First, I will build the high performance computing cluster. The cluster will be optimized for in-home and in-office use, so one of our requirements is that the HPCC be portable. However, the portability also places restrictions on the size of the computing cluster we are able to have. Several compute nodes will be controlled by one head node. Since Linux is optimized for servers, we will run a flavor of linux on our high performance computing cluster. We will optimize the cluster for handling large amounts of biological data by equipping it with fast processers and a system of distributed and parallel computing.

Cornell has developed computational biology applications for HPCs (BioHPC) that allow researchers to submit jobs for parallel computing in a user-friendly manner [5]. BioHPC is in the open source. We will use this software as a basis for our HPCC's computing environment.

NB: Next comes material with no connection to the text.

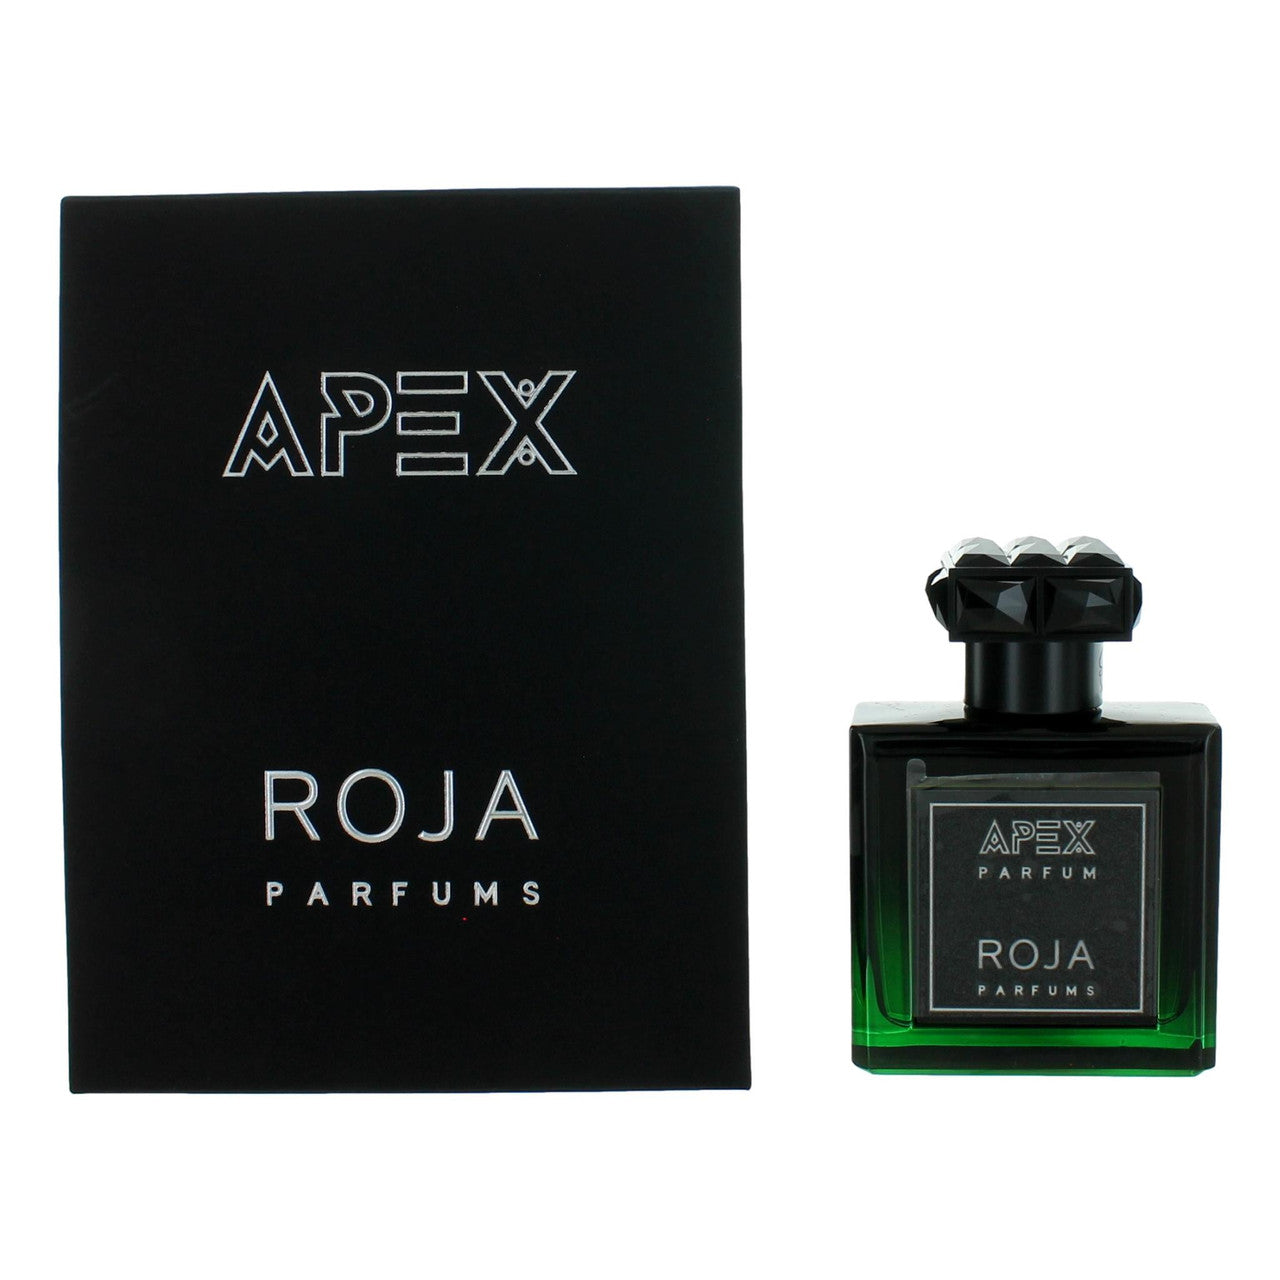 1.7 oz bottle of Apex Roja Parfums

Finally, we will test the processing power of our HPCC to search through large amounts of genetic sequencing data. The accuracy and time taken by the HPCC will be measured and compared with the recorded performance statistics of existing HPCCs.


  1. Problems:

Some of the problems I expect initially in answering my research question is the low availability of high amounts of publicly available biological data on which to test the performance of my high performance computing cluster. However, by conglomerating multiple data sources from around the web, I anticipate that I will be able to solve this problem. Another problem I anticipate is difficulty in building the cluster in a small space and keeping the temperature cool. I aim to fix this problem through thorough research on available ventillating systems for computing clusters which I can then build into my HPC.

  1. Bibliography:

[1] Caporaso, J. et al. (2010). QIIME allows analysis of high-throughput community sequencing data. Nature Methods, 7, 335–336-335–336.

[2] Zhang, K., Damevski, K., Venkatachalapathy, V., & Parker, S. (2004). SCIRun2: A CCA framework for high performance computing. High-Level Parallel Programming Models and Supportive Environments. Proceedings., 72-79.

[3] Sanbonmatsu, K., & Tung, C. (2007). High performance computing in biology: Multimillion atom simulations of nanoscale systems. Journal of Structural Biology, 157(3), 470-480.

[4] Okimoto, N., Futatsugi, N., Fuji, H., Suenaga, A., Morimoto, G., Yanai, R., ... Case, D. (2009). High-Performance Drug Discovery: Computational Screening by Combining Docking and Molecular Dynamics Simulations. PLoS Computational Biology, E1000528-E1000528.

[5] Pillardy, J. “Computational Biology Applications Suite for High Performance Computing (Bio HPC).” Cornell University.